Professor Mostafa El Sayed  was awarded the 2007 US National Medal of Science for his huge contribution in the field of nanotherapy in cancer  as a molecular targeting approach that overcomes side effects of conventional cancer therapy. The idea lies in two main aspects: The first is molecular targeting & the second is photothermal destruction of malignant cells. The technique encompasses injecting gold nanoparticles conjugated with anti- Epidermal Growth Factor Receptor “anti -EGFR”  monoclonal antibody , where the anti-EGFR is responsible for the the specific targeting which is molecularly based on the fact that epithelial carcinoma cells, particularly over-expresses “EGFR”. Regarding the tumor cidal effect it is mainly dependent on the  photothermal destruction which is the role of the laser beam & gold nanoparticles, where particular nano size of gold makes it able to absorb light in Near Infra Red Region , which is the region where optical penetration is optimal &  scatter laser beam and convert the light energy to thermal energy that is able to damage cell membrane and release the digestive enzymes and hence the death of cancer cells.

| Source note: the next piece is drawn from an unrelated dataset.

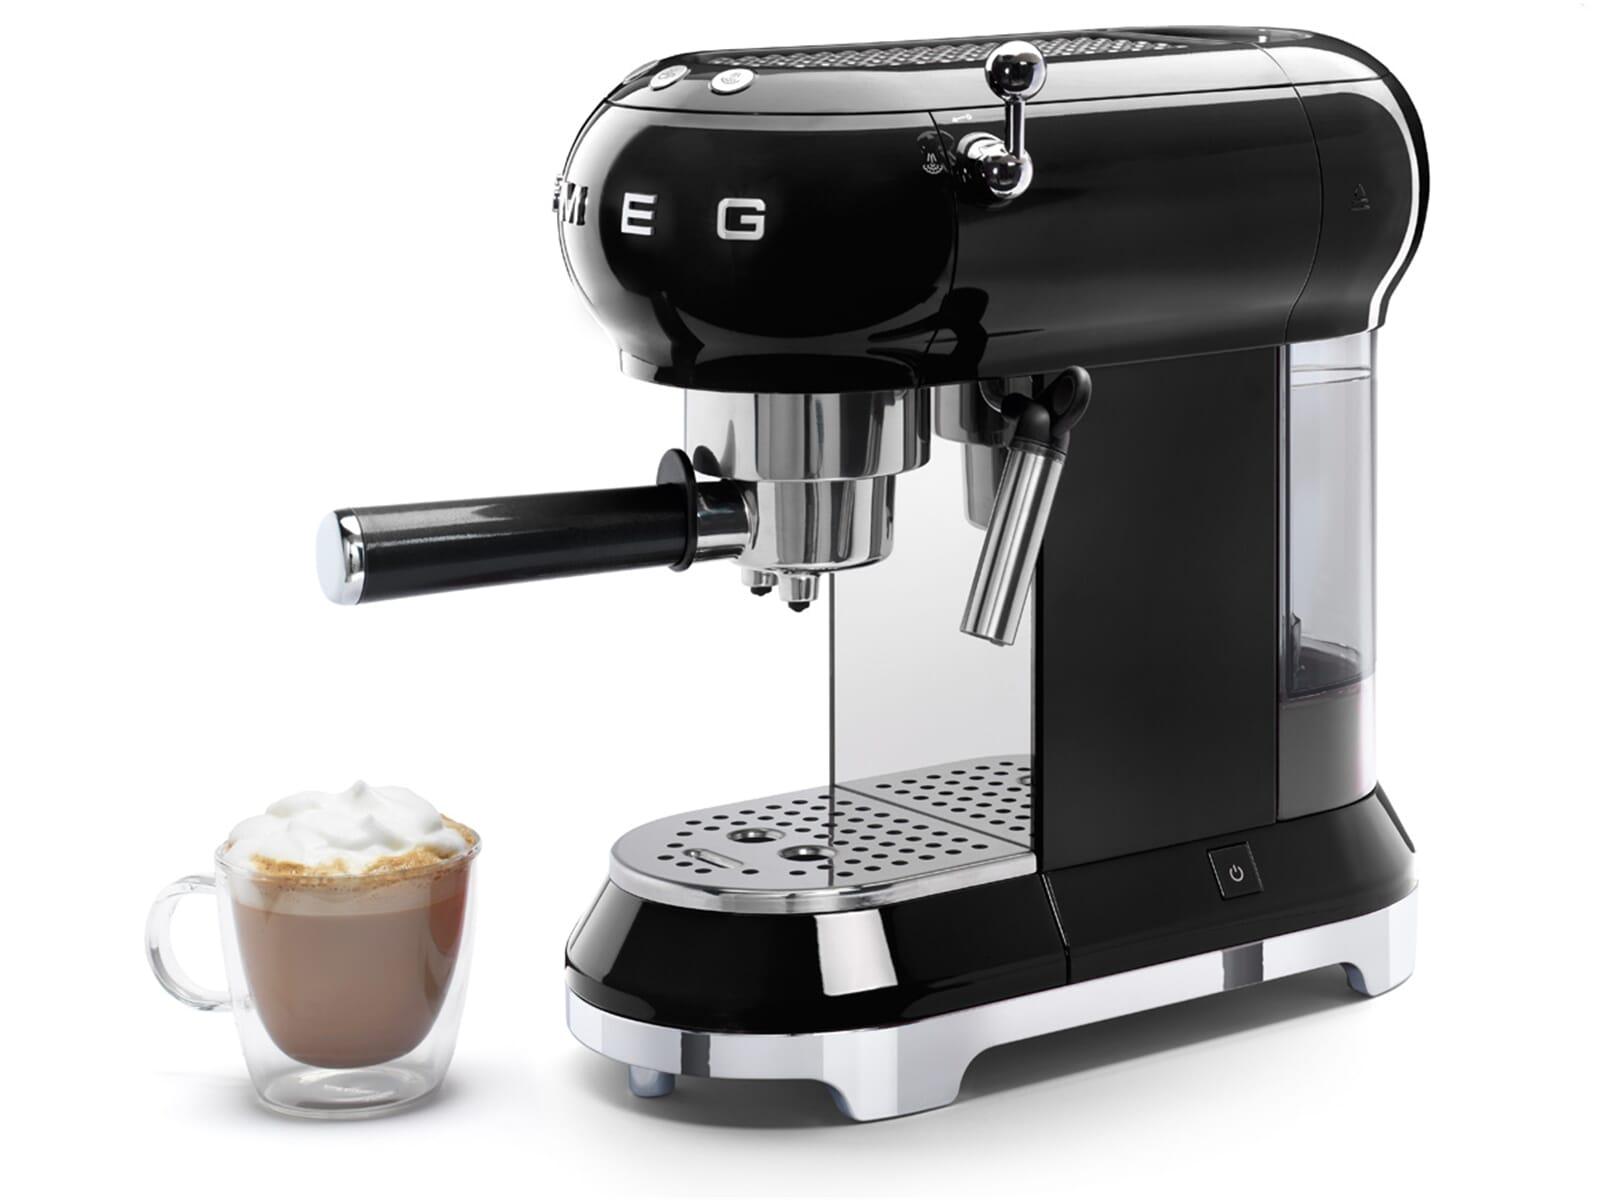 smeg ecf01bleu espresso kaffeemaschine schwarz. Black Bedroom Furniture Sets. Home Design Ideas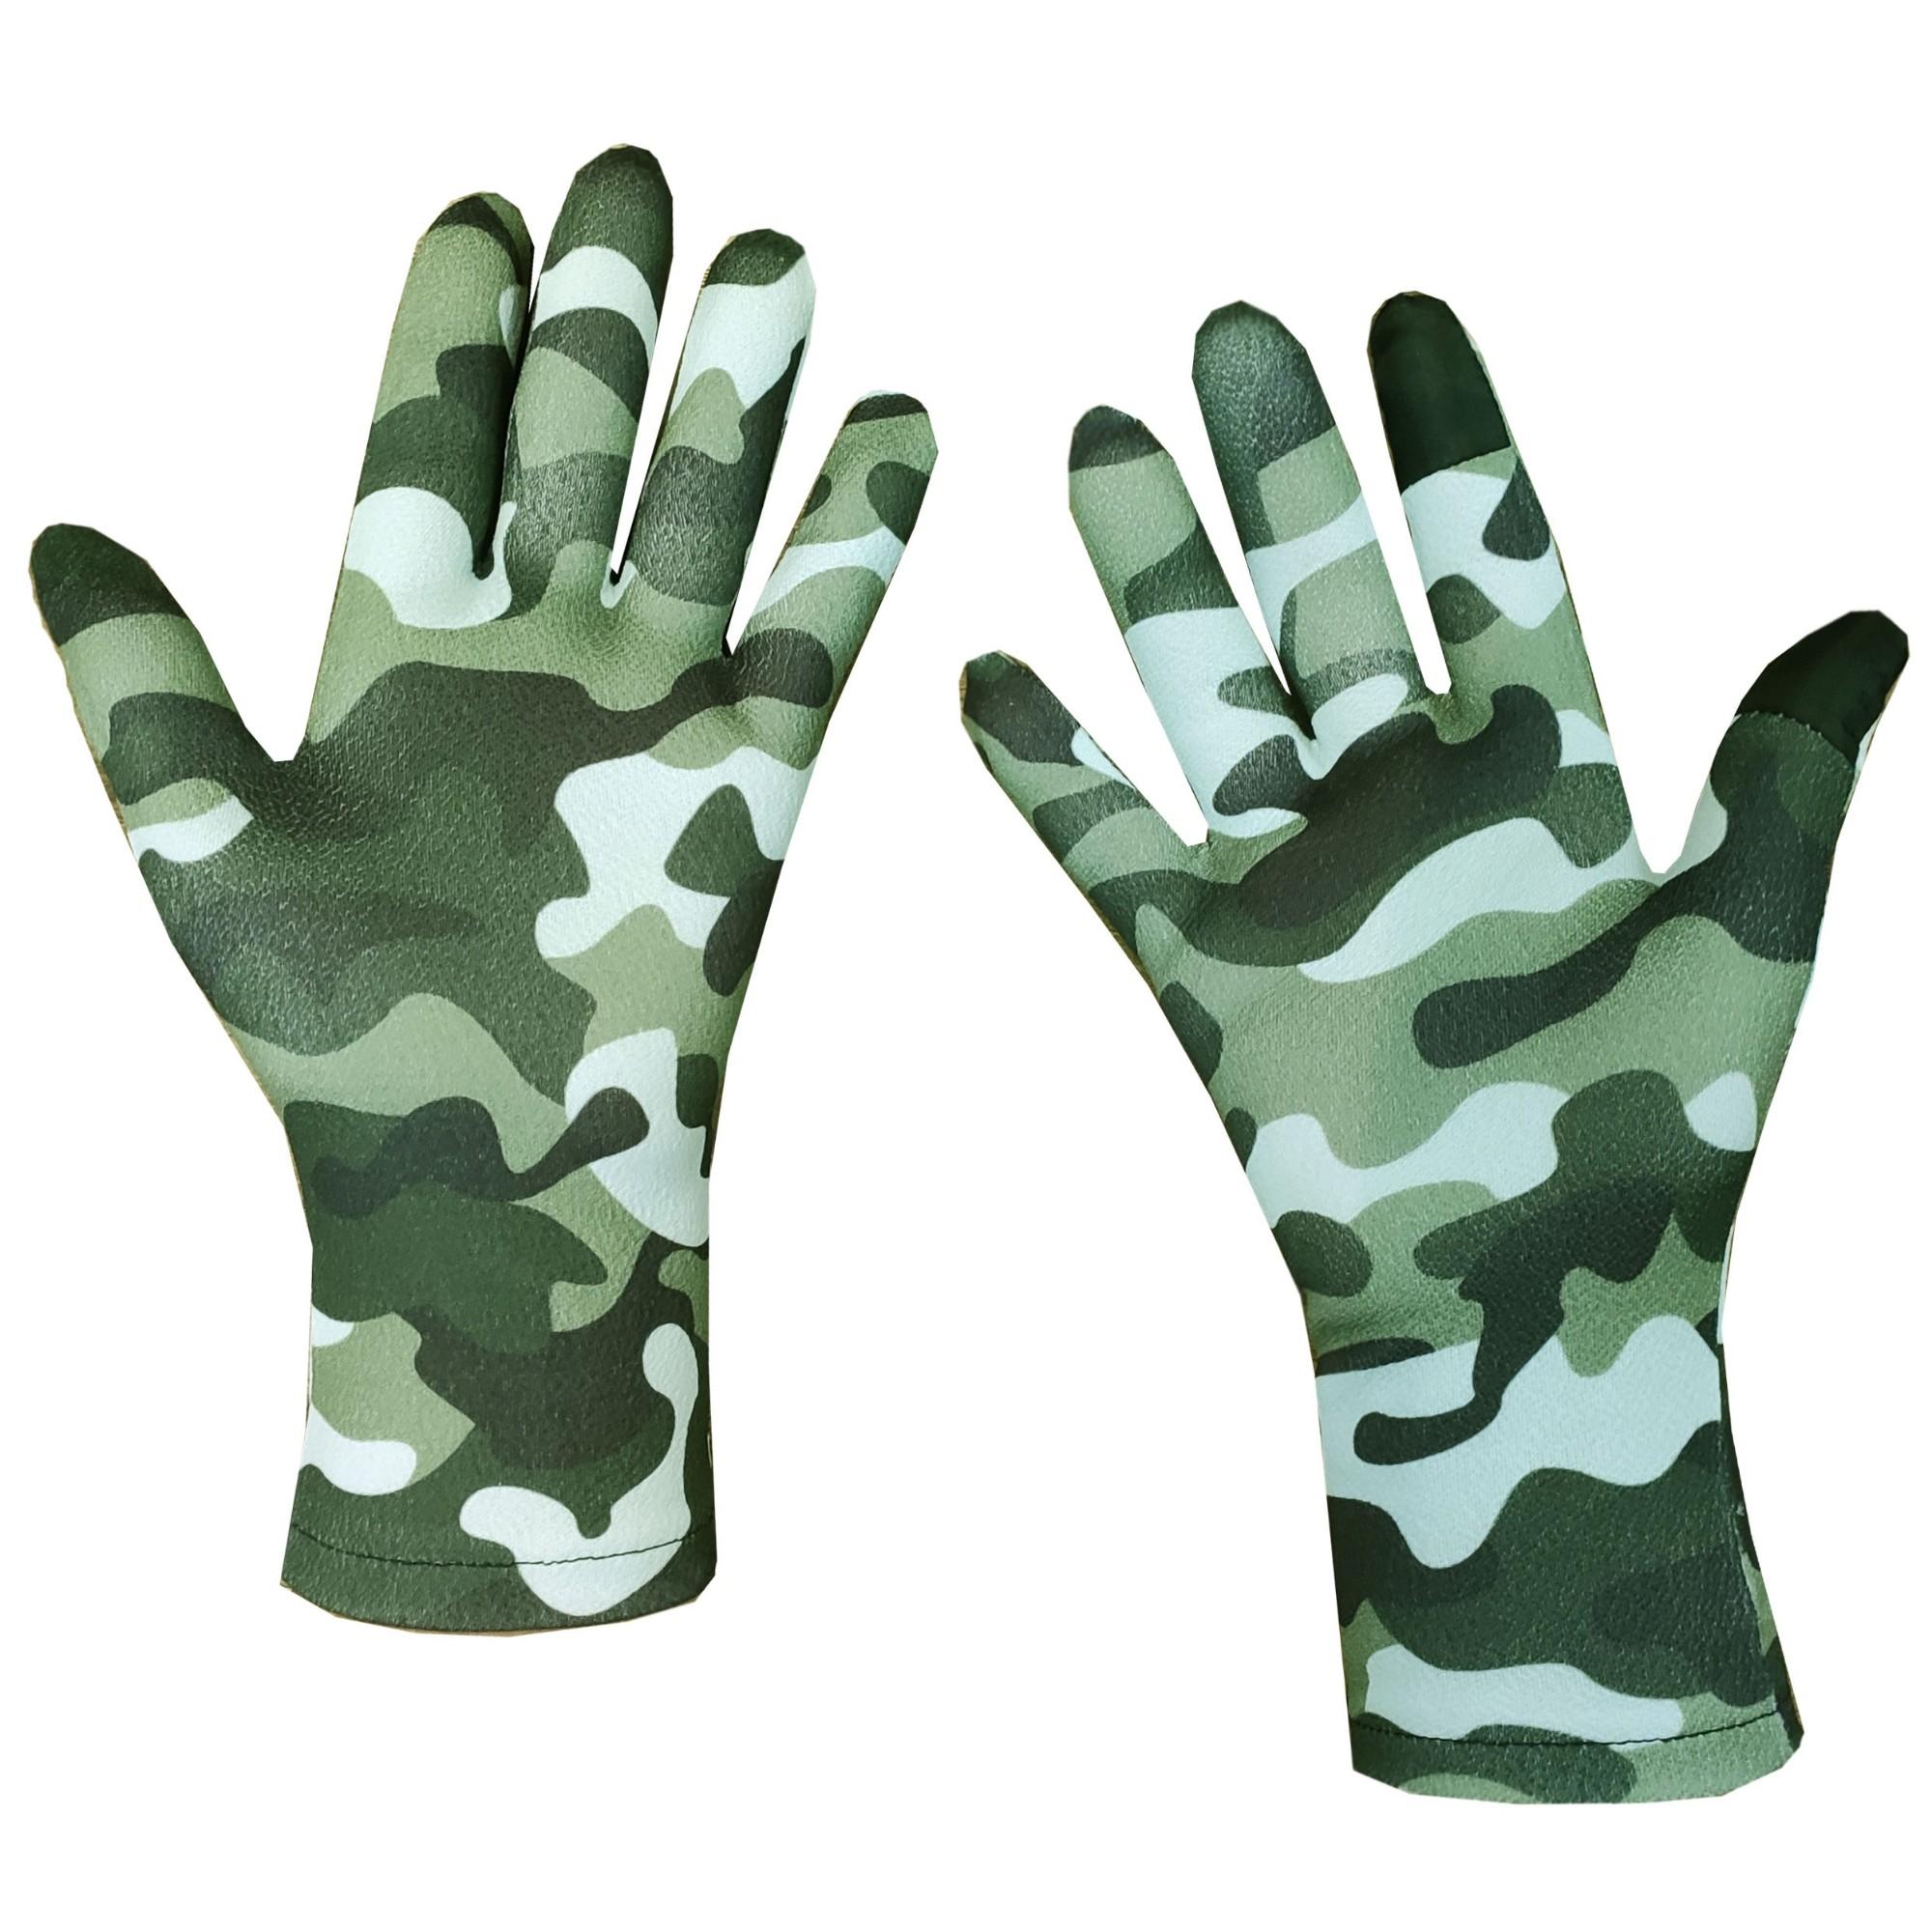 دستکش مردانه تادو طرح چریکی کد 314

Image credit: www.gatech.edu

The choice of the laser light is a matter of  the cancer location , where in case of cancer under the skin,  Near Infra Red “NIR” laser light is recommended for its larger penetration depth. Gold particles are especially used because  they are easily bioconjugated & they served as photoabsorbers due to overlap of absorption band of their specific nanosize with with argon laser beam. The gold nanoparticles are having a silica core and a gold shell & their absorption in the NIR is tuned by adjusting gold layer thickness as well as the size of silica core.

The pioneering success of the technique has been proved effective upon accumulation of Anti-EGFR antibody conjugated gold nanoparticles selectively in carcinoma cells and survival of benign cells as demonstrated by microscopic pictures of both  benign & cancer cells as follows:

Gold nanoparticles are concentrated in cancer cells. “Pic 1”
Image credit: www.gatech.edu


Gold nanoparticles are not retained in benign cells. “Pic 2”
Image credit: www.gatech.edu

References:

  • Ivan H. El Sayed, Xiaohua Huang, Mostafa A. El Sayed, ” Selective laser Photo-thermal therapy of epithelial carcinoma  using anti-EGFR antibody conjugated gold nanoparticles”, Cancer Letters 239 (2006) 129-135.
  • Erin B. Dickerson, Erick C. Dreaden, Xiaohua Huang, Ivan H. El Sayed,Hunghao Chu, Sujatha Pushpanketh, John F. Mcdonald, Mostafa A. El Sayed, ” Gold nano assiated near-infrared Plasmonic Phototheramal Therapy (PPTT) of squamos cell carcinoma in mice”, Cancer Letters 269 ( 2008) 57- 66.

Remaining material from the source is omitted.